Member of the Chamber of Deputies
- In office 15 May 1961 – 11 September 1973
- Constituency: 2nd Departmental Group

Mayor of Antofagasta
- In office 1947–1950

Personal details
- Born: 3 July 1915 Vallenar, Chile
- Died: 24 June 1999 (aged 83) Antofagasta, Chile
- Party: Communist Party of Chile
- Spouse: Juana Pinto
- Children: Five
- Occupation: Politician
- Profession: Miner, Labor Leader

= Hugo Robles Robles =

Chilean politician (1915–1999)

Hugo Orlando Robles Robles (3 July 1915 – 24 June 1999) was a Chilean miner, labor union leader, and politician affiliated with the Communist Party of Chile.

He served as Deputy for the 2nd Departmental Group (Antofagasta, Tocopilla, El Loa, and Taltal) from 1961 to 1973. He also served as Councilman of Antofagasta from 1947 to 1950.

==Biography==
Born in Vallenar on 3 July 1915, he was the son of Ernesto Robles and María Lusa Robles. He studied at the Escuela Primaria N.º 1 in Vallenar and worked twelve years in the nitrate industry at Alianza Blac, Potrerillos, and the Pedro de Valdivia saltpeter office.

He began his political activity as a union leader in the Sindicato Obrero of Pedro de Valdivia. He later became provincial secretary of the Central Única de Trabajadores de Chile (CUT) and a national-level union leader.

From 1947 to 1950, he served as Councilman in the Municipality of Antofagasta. In 1957, because of his affiliation with the Communist Party, he was exiled and sent successively to Pisagua, Putre, and Capitán Pastene.

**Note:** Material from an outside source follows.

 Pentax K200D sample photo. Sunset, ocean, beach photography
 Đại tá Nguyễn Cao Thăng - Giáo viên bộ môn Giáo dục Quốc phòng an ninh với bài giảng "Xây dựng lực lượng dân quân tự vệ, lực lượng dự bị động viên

Robles was first elected Deputy in 1961, and then re-elected in 1965, 1969, and 1973. During his parliamentary service, he sat on the Permanent Committees on Labor and Social Legislation; Medical Assistance, Social Hygiene; and Government Interior and Social Security, as well as the Special Saltpeter Commission (1962). His term ended with the coup d’état of 11 September 1973.

He was persecuted during the military dictatorship and lived in exile until returning to Chile in 1990. He later ran as councilor in the 1992 and 1996 municipal elections but was not elected.

A street in Antofagasta is named in his honor.